Every time I write about robots (which is a lot, mostly in letters to NASA, the FBI and the CIA, warning them of the dangers BUT THEY DON’T LISTEN, DO THEY? THEY WON’T BE LAUGHING WHEN WE’RE ALL FARMED FOR OUR SPINAL FLUID TO POWER OUR ROBOT OVERLORDS, WILL THEY?) I always stress how one day they’re going to kill us all.
Still, I reckon we’ve got a good five years at least, until that happens, so while we’re in the interim and are still able to enjoy our own thoughts and maintain a modicum of control over the machines, I’ve got an interesting story for you.
Someone has invented a robot (mistake, never invent a robot) that automatically prints off all of Donald Trump’s tweets as he does them, then burns them.
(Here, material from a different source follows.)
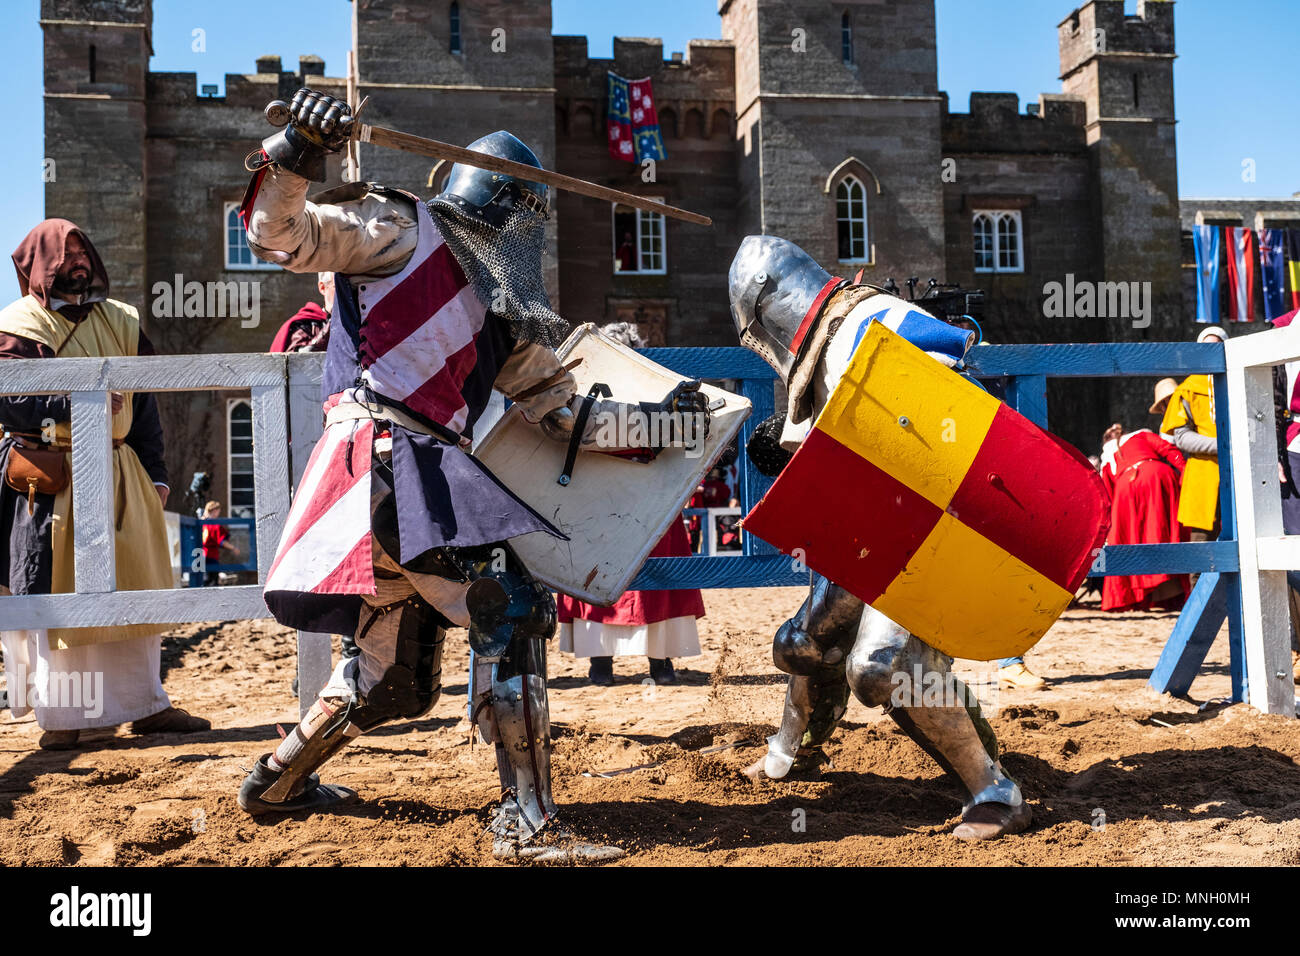 Deux chevaliers combattre en liste au cours de la Fédération Internationale de combat médiéval (CCGE) Championnats du monde à Scone Palace le 12 mai 2018 à Scone Pa Banque D'Images

Here it is in action:
Regardless of its potential to use those scissors in a deadly manner, I think this is a good robot – just don’t give it a brain, Mr Robot Inventor, or you’re asking for trouble.
At the time of writing, Trump hasn’t responded, presumably because he’s very correctly wary of robots and doesn’t want them stealing his wig or something.
However, although it may be slightly amusing now, I can feel the terrifying future of this invention crushing down on my chest, and I don’t really like it. What happens when they invent a robot that automatically prints out all your thoughts and sets fire to them, or automatically prints off your actual dick and sets fire to that? Not a world I want to live in, anyway. Just transfer my brain to a cybernetic shell asap and I can join the robot revolution – I’d much rather be on their side.
TAKE ME. TAKE ME NOW. TURN MY INFERIOR HUMAN BODY TO DUST AND PORT MY NEURAL NETWORKS TO A MOTORISED CASING SO I CAN BECOME A PERFECT AUTOMATON.